* _Task instructions_: Reproduce word for word the line holding "Cardamom filling on dough" and all lines after it in the data, through the end, leaving out pictures.

* _Provided material_:
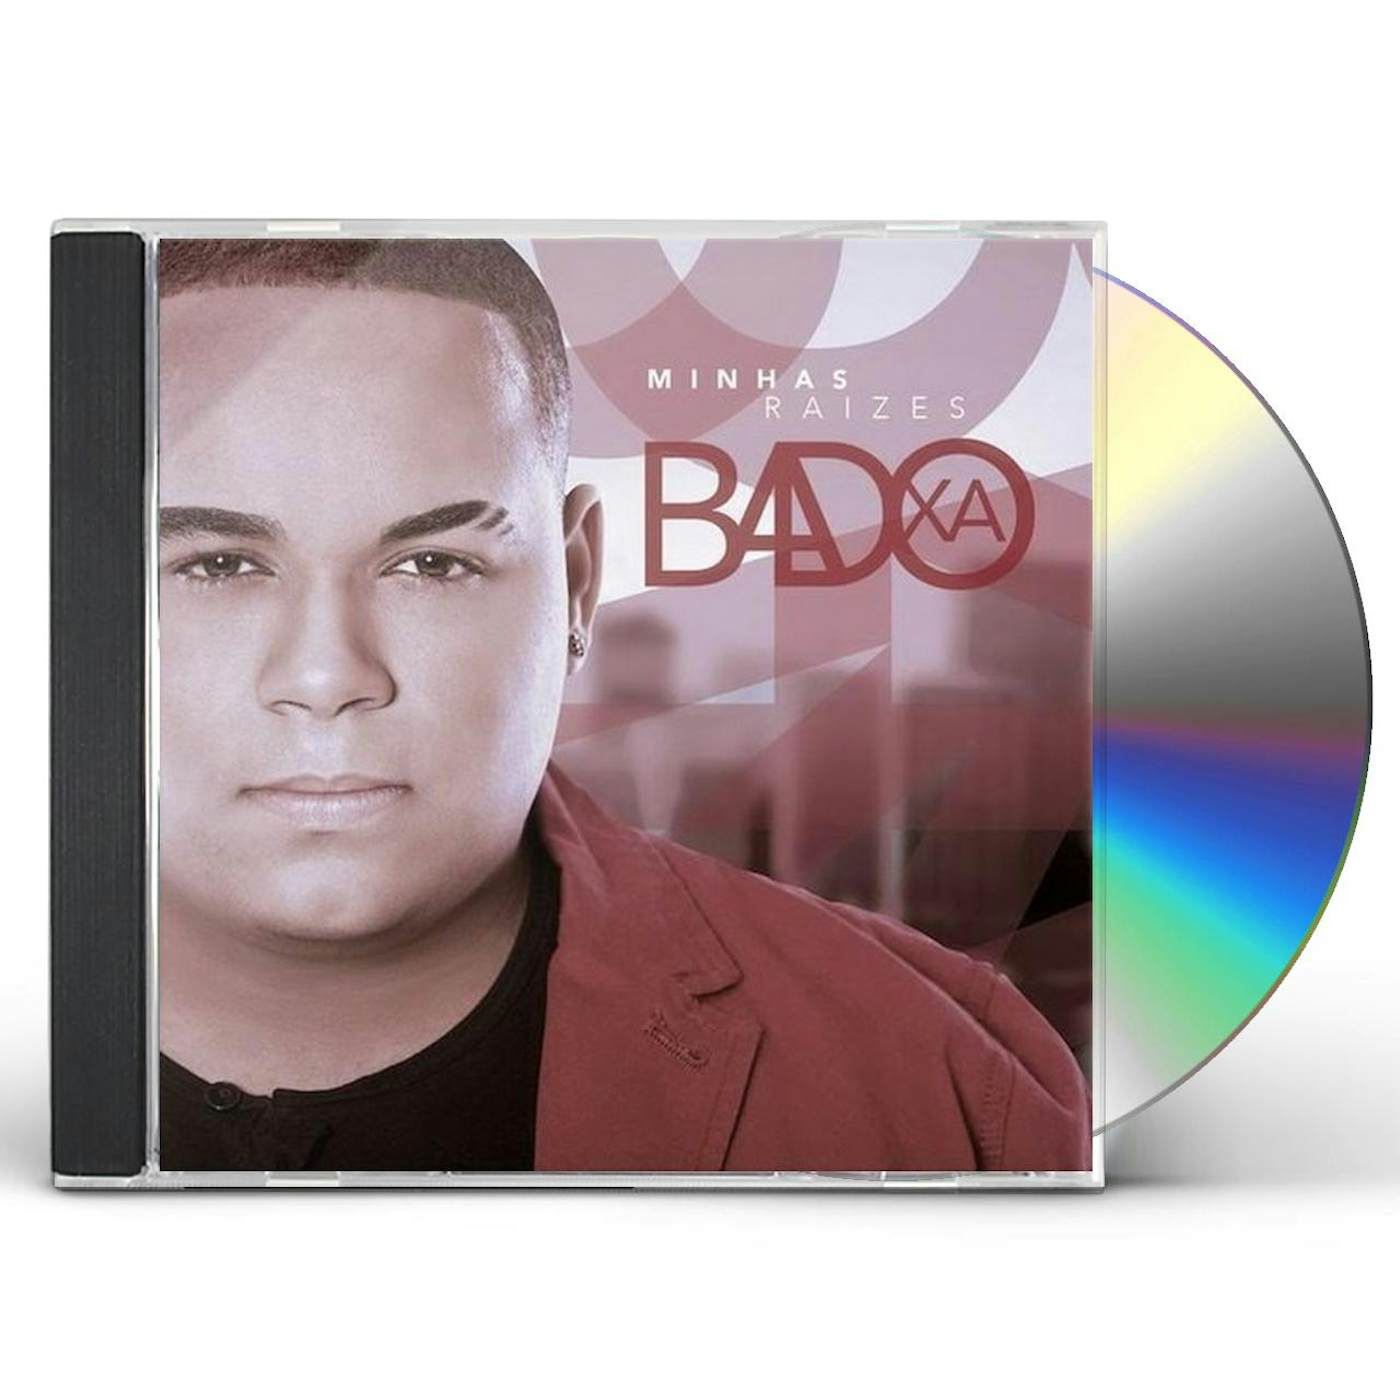 Badoxa MINHAS RAIZES CD
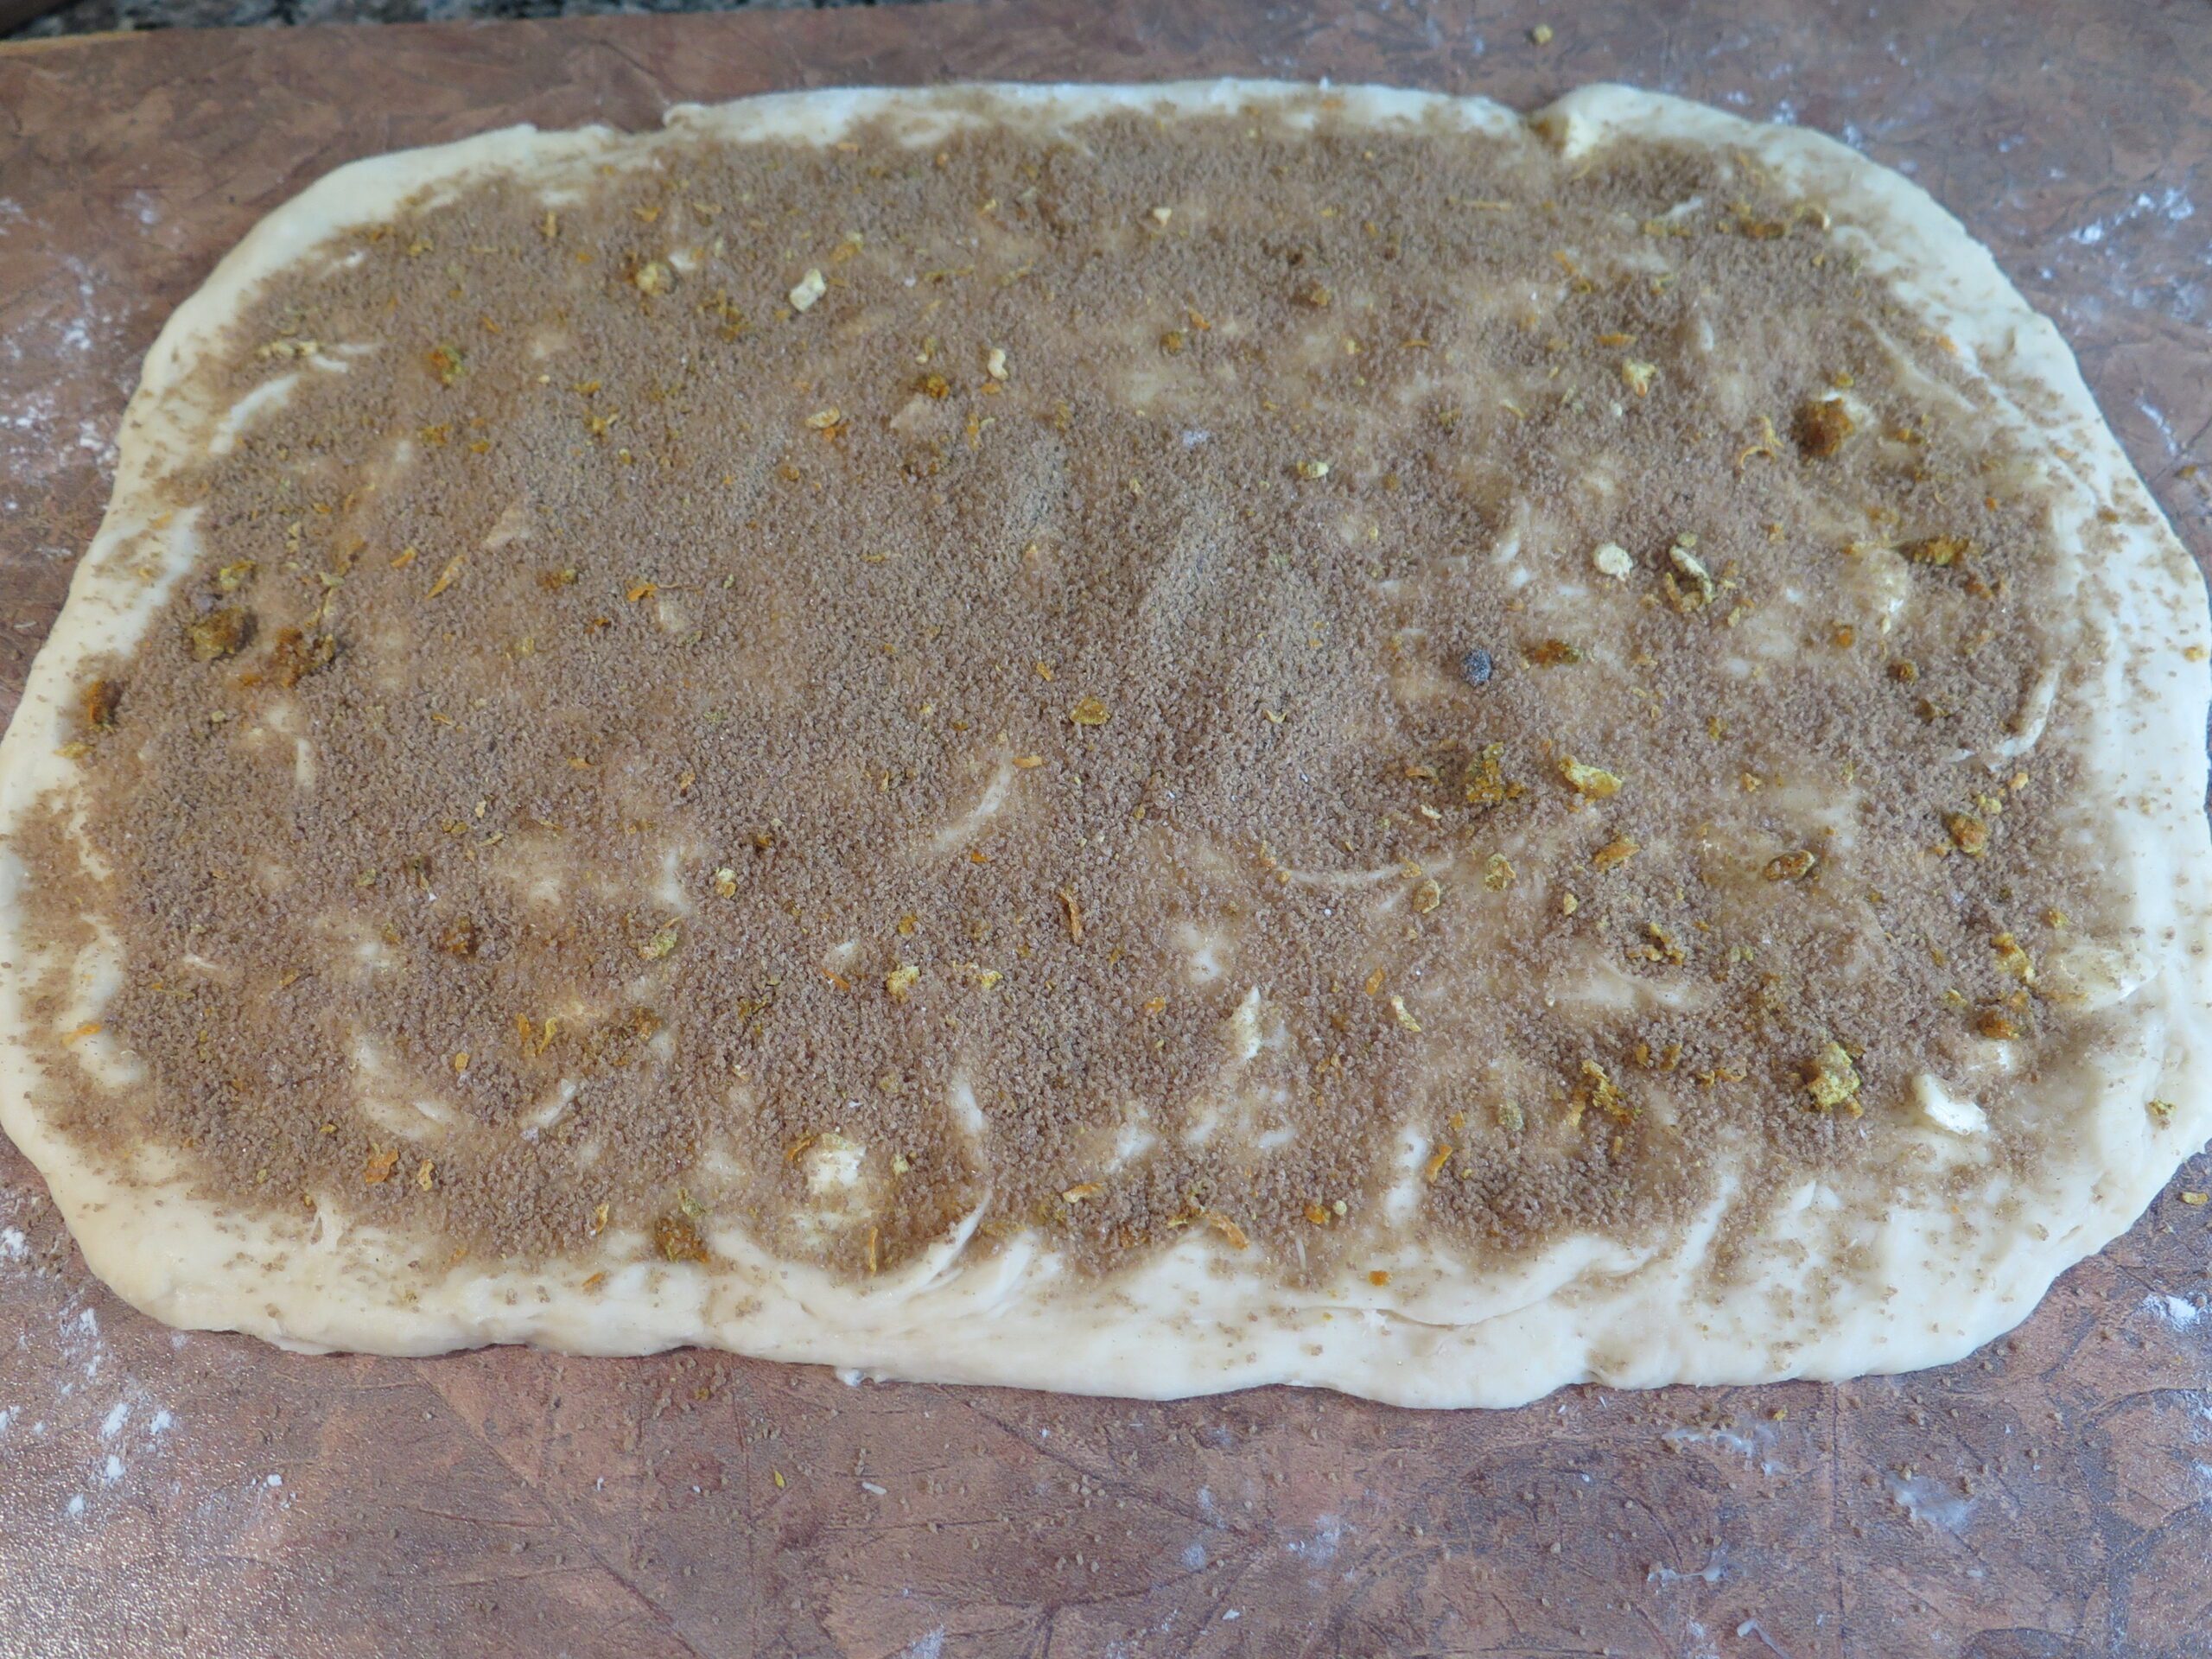 Cardamom filling on dough
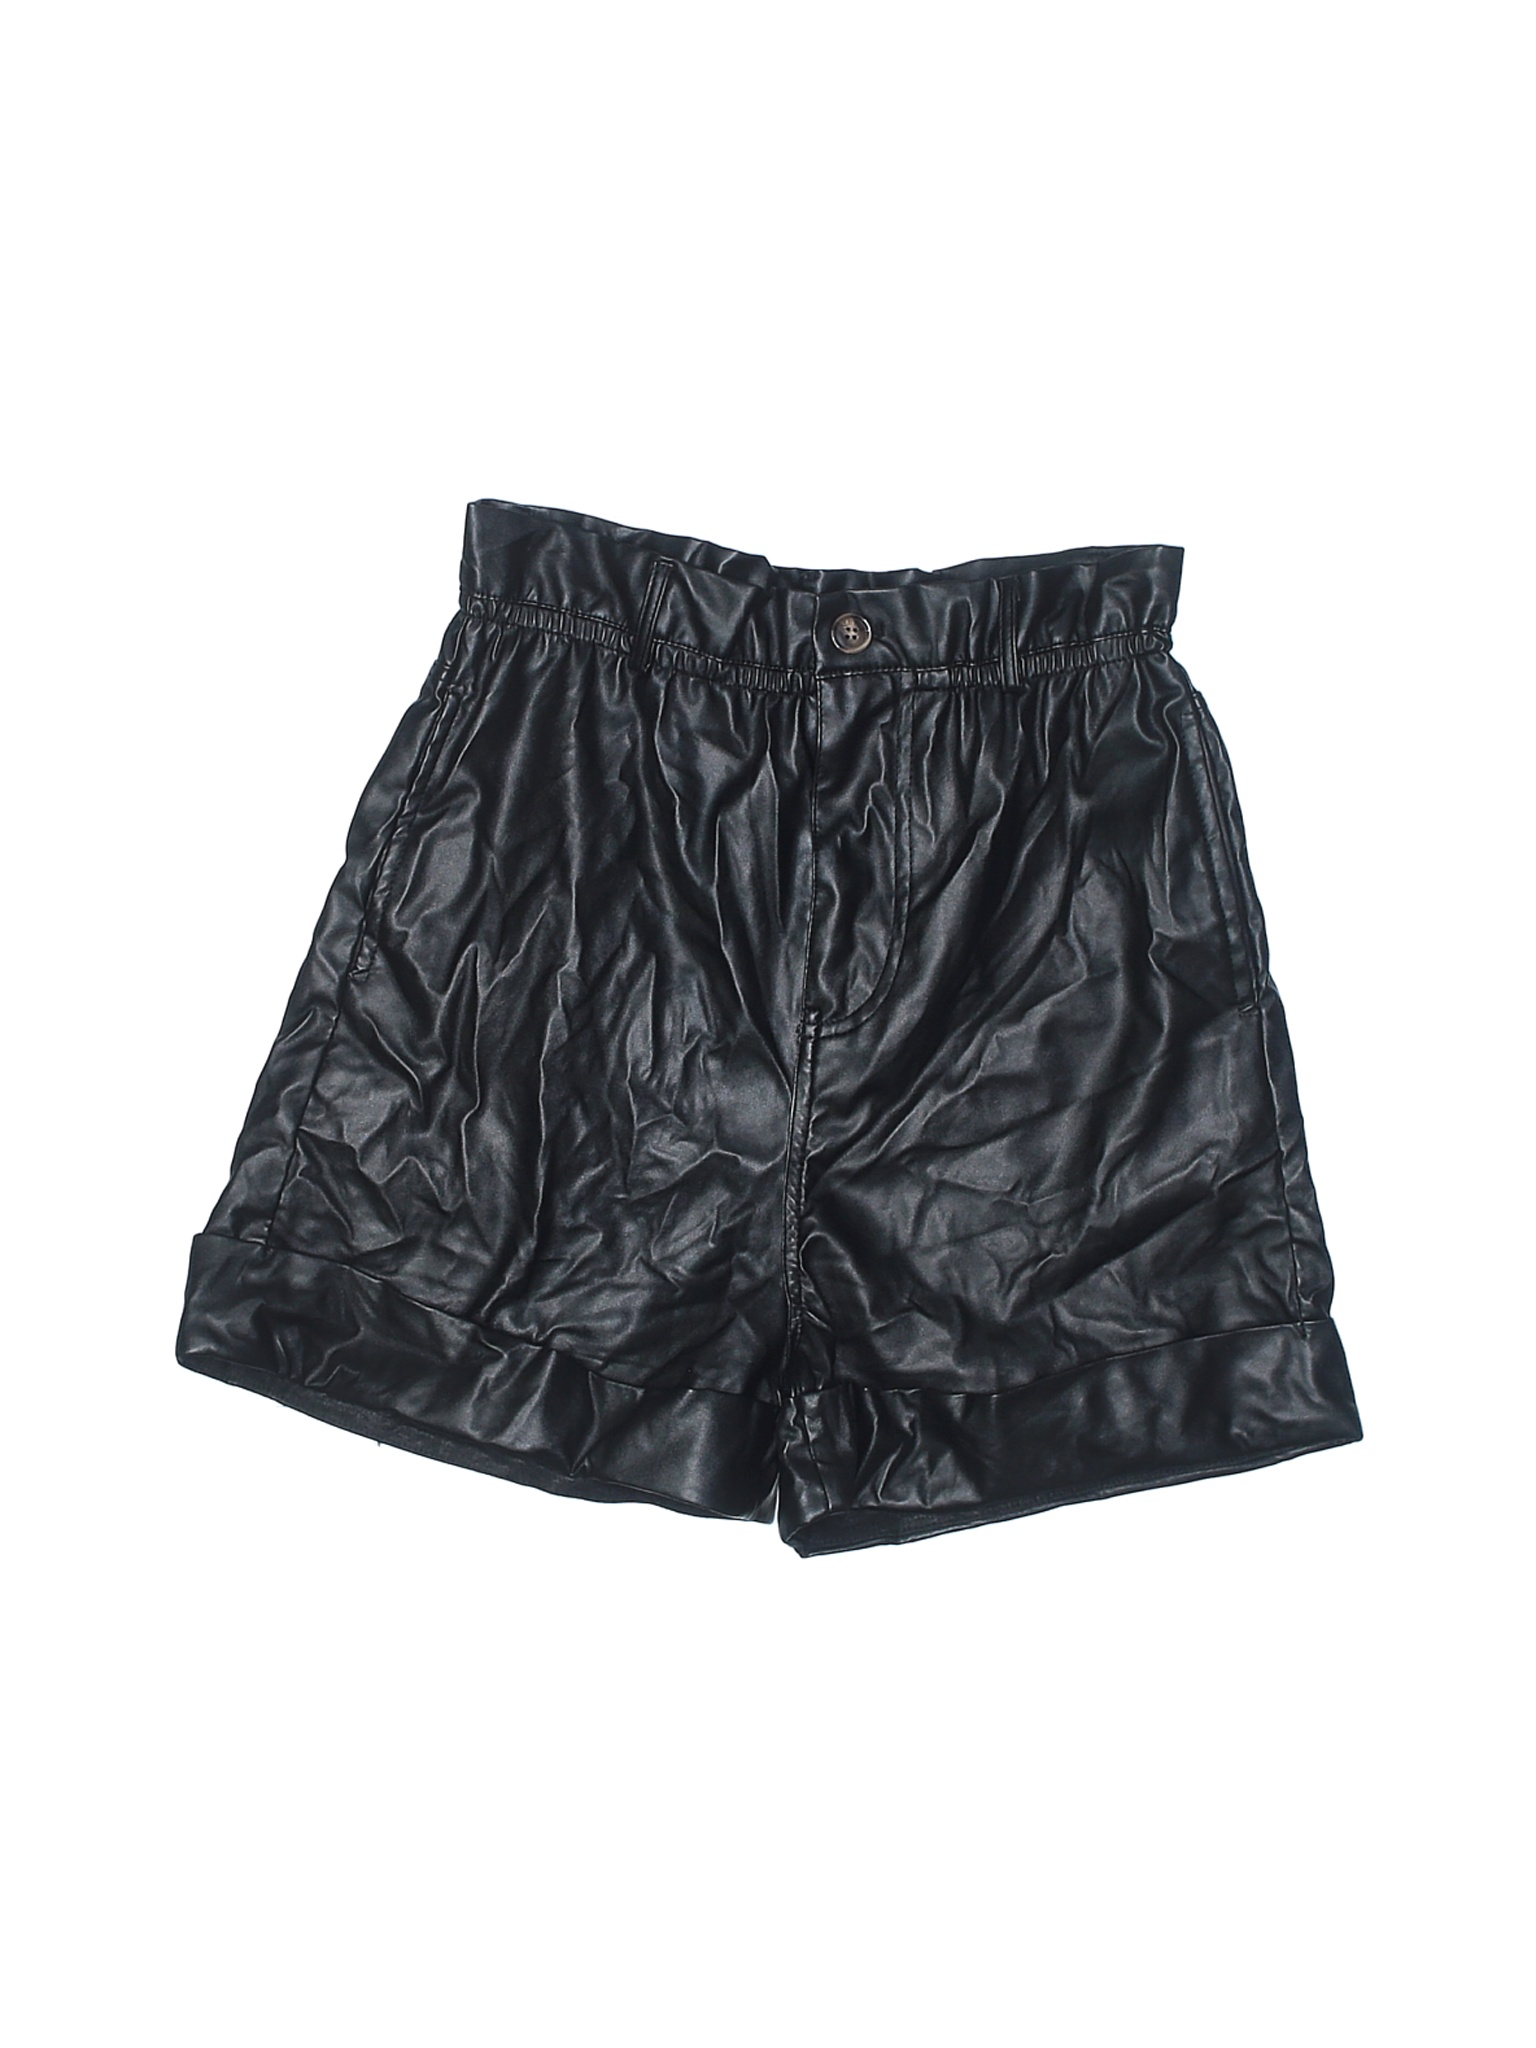 Shein Women Black Faux Leather Shorts XS | eBay

* _Task answer_:
 Cardamom filling on dough
 Shein Women Black Faux Leather Shorts XS | eBay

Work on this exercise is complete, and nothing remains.